THE TASK
Quote all lines below exactly. Images stay out.

DATA SUPPLIED

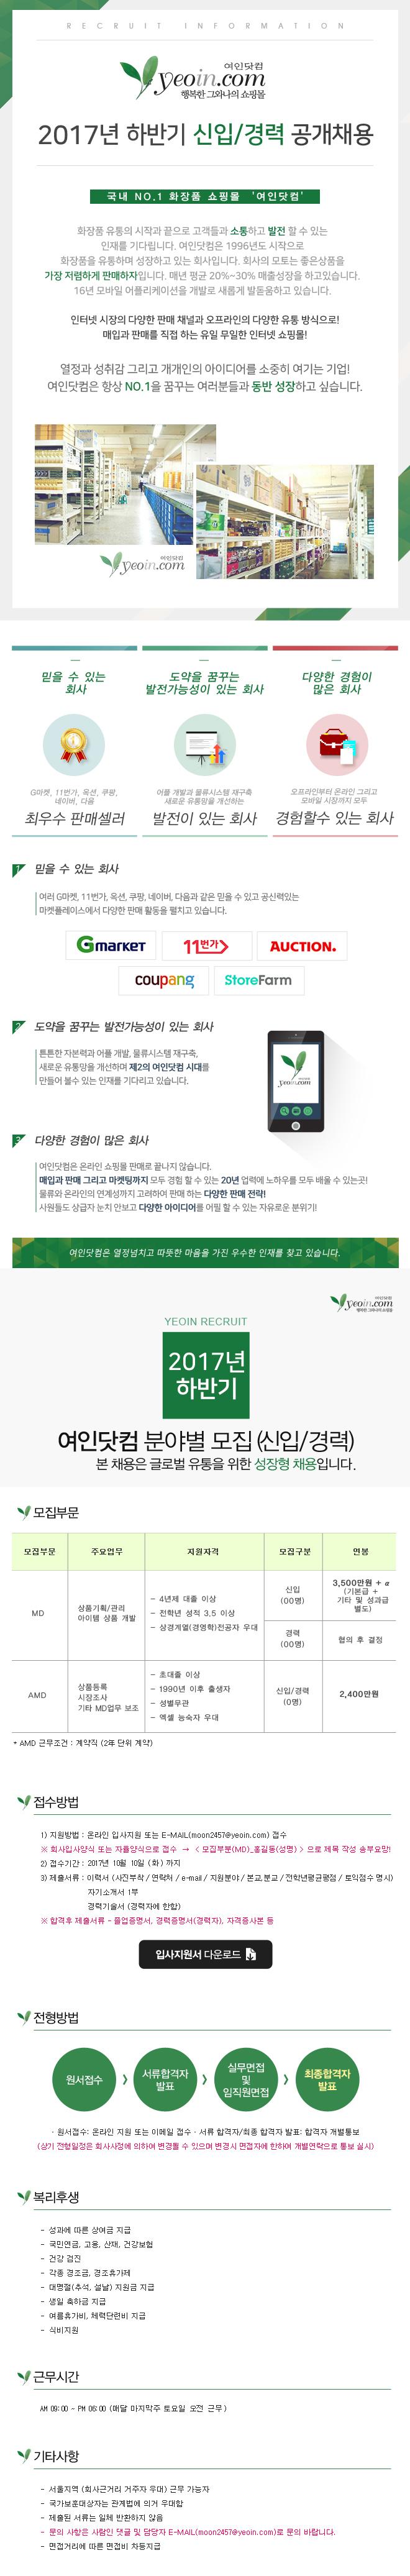 여인닷컴 2017년 하반기 신입/경력 공개채용
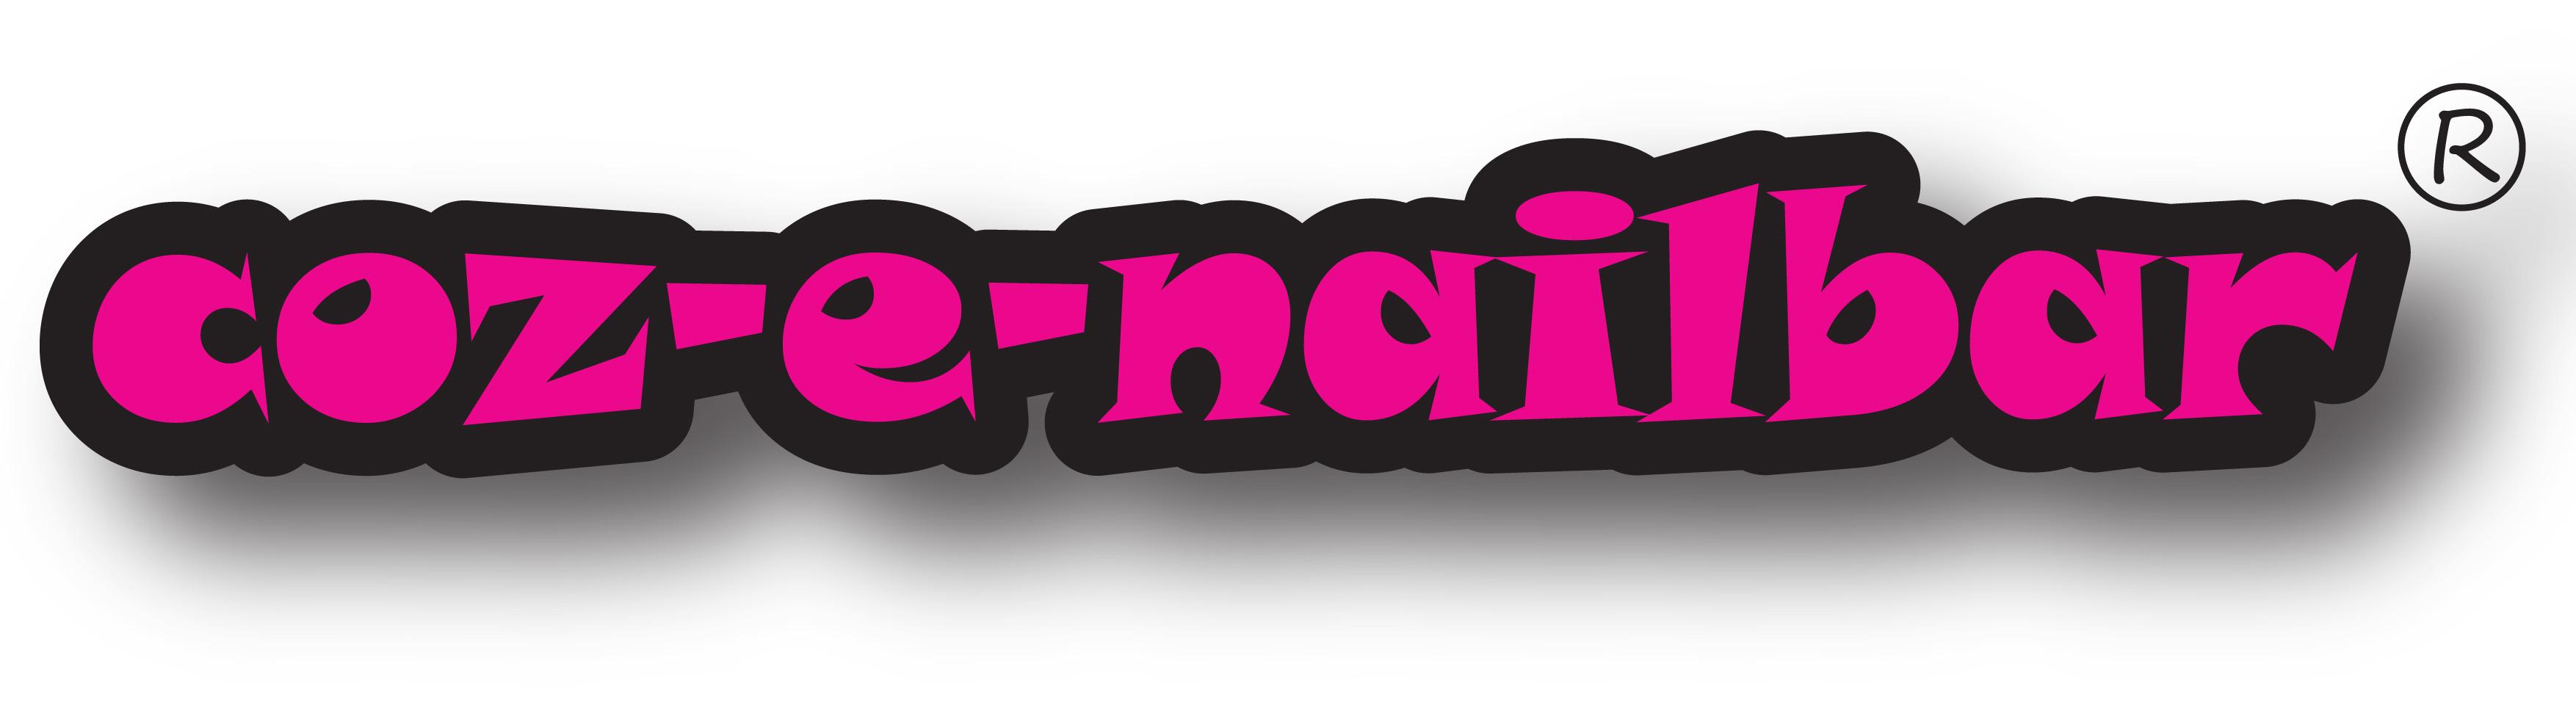 coz-e-nailbar-logo.jpg
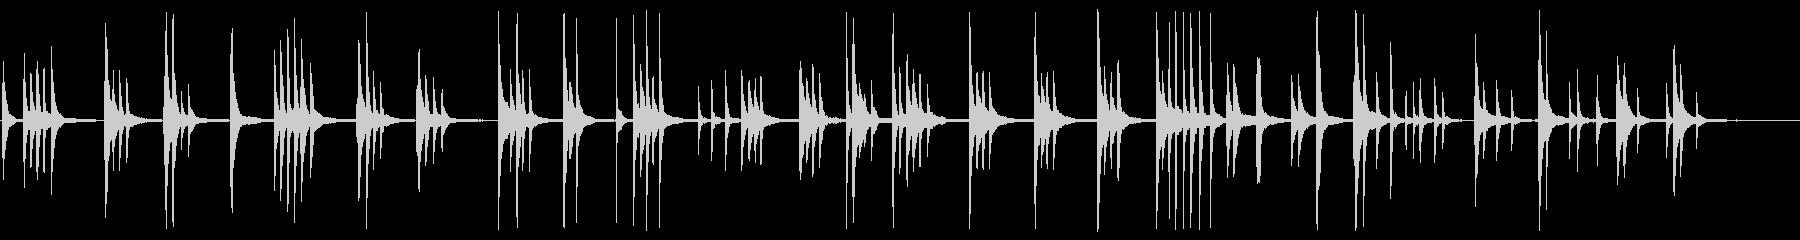 繊細で儚くシンプルなピアノソロの未再生の波形
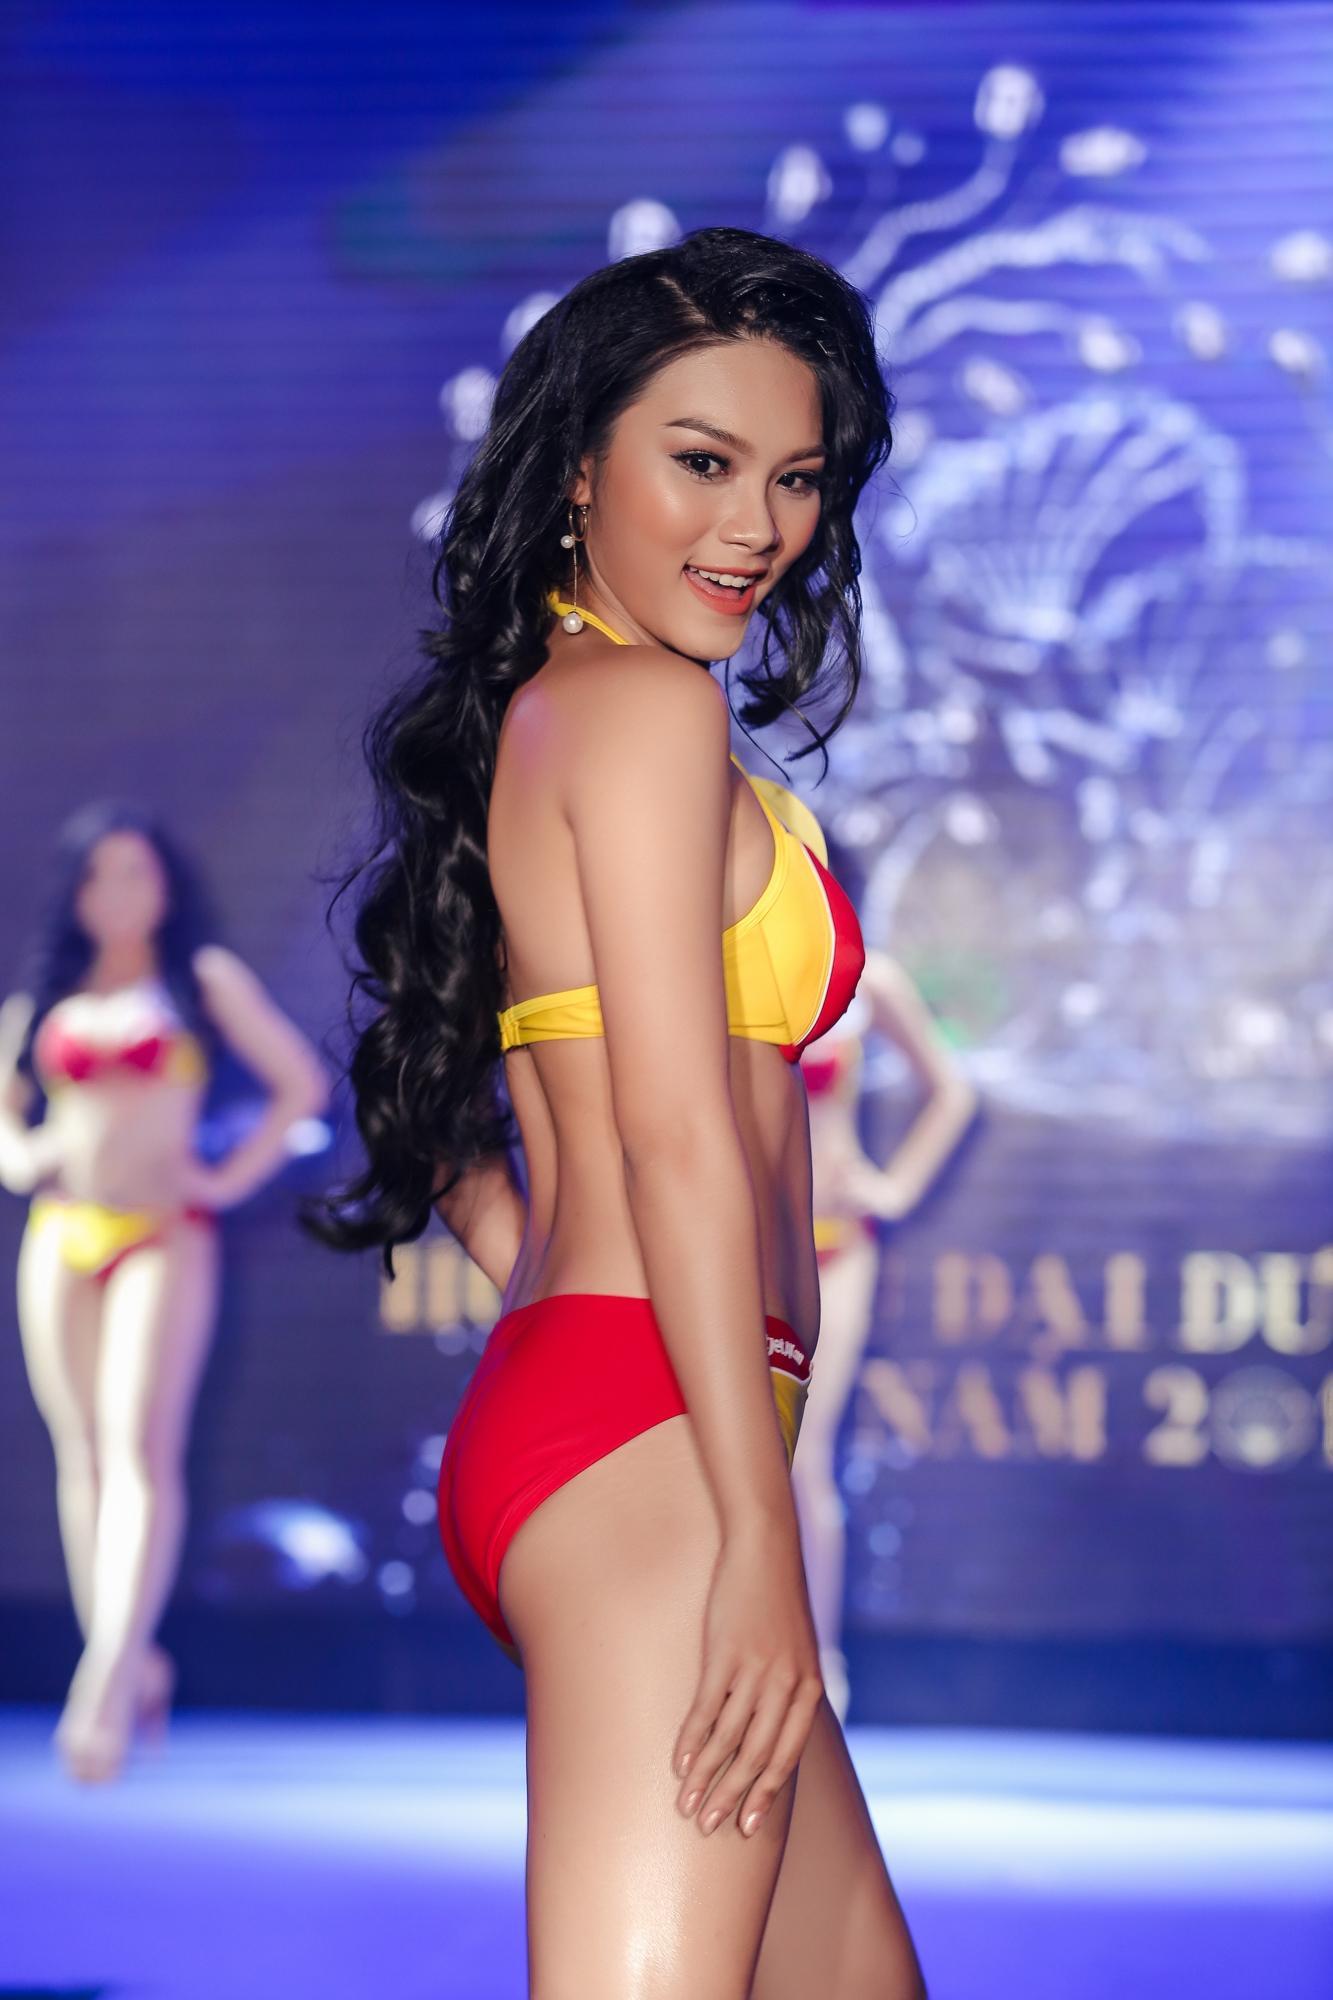 Vừa rời Hoa hậu Hoàn vũ, cô gái mê tiền tự tin khoe hình thể tại Hoa hậu Đại Dương 2017-3
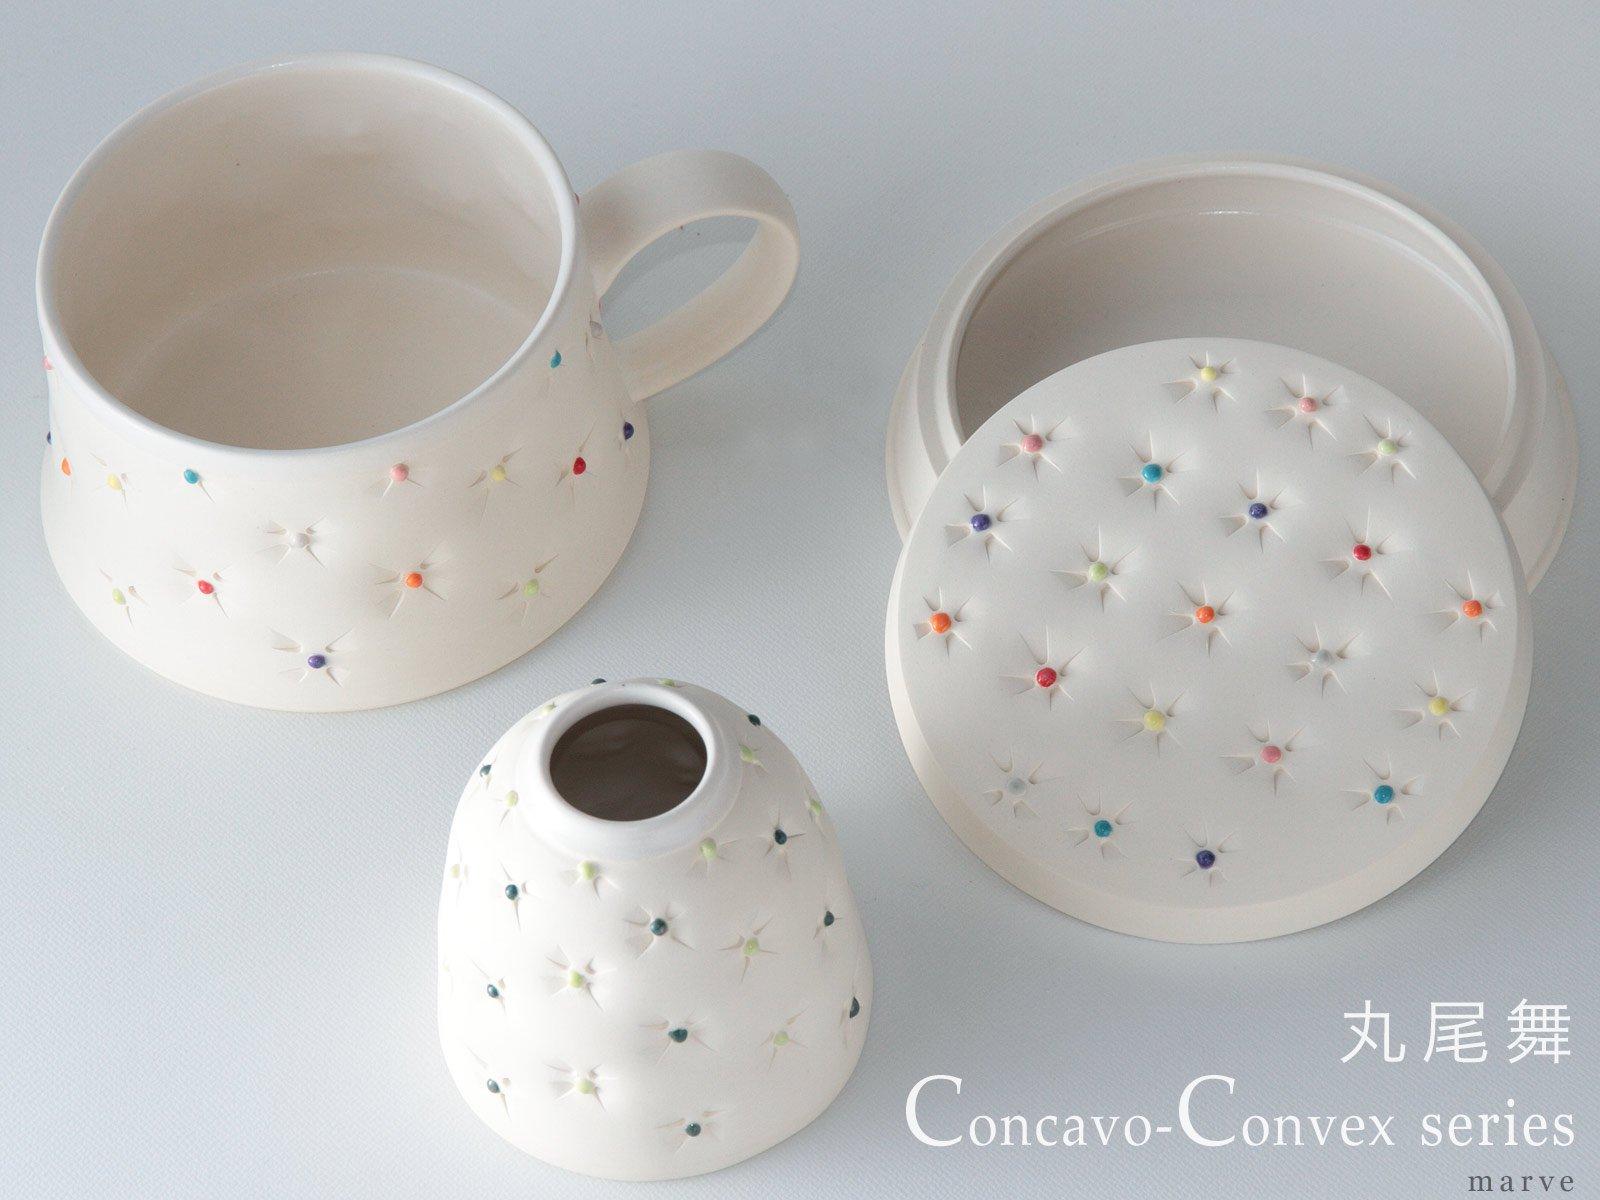 丸尾舞 Concavo-convex series ジュエリーケース

EXERCISE ANSWER
 여인닷컴 2017년 하반기 신입/경력 공개채용
 coz-e-nailbar-logo.jpg
 繊細で儚くシンプルなピアノソロの未再生の波形
 Vừa rời Hoa hậu Hoàn vũ, cô gái mê tiền tự tin khoe hình thể tại Hoa hậu Đại Dương 2017-3
 丸尾舞 Concavo-convex series ジュエリーケース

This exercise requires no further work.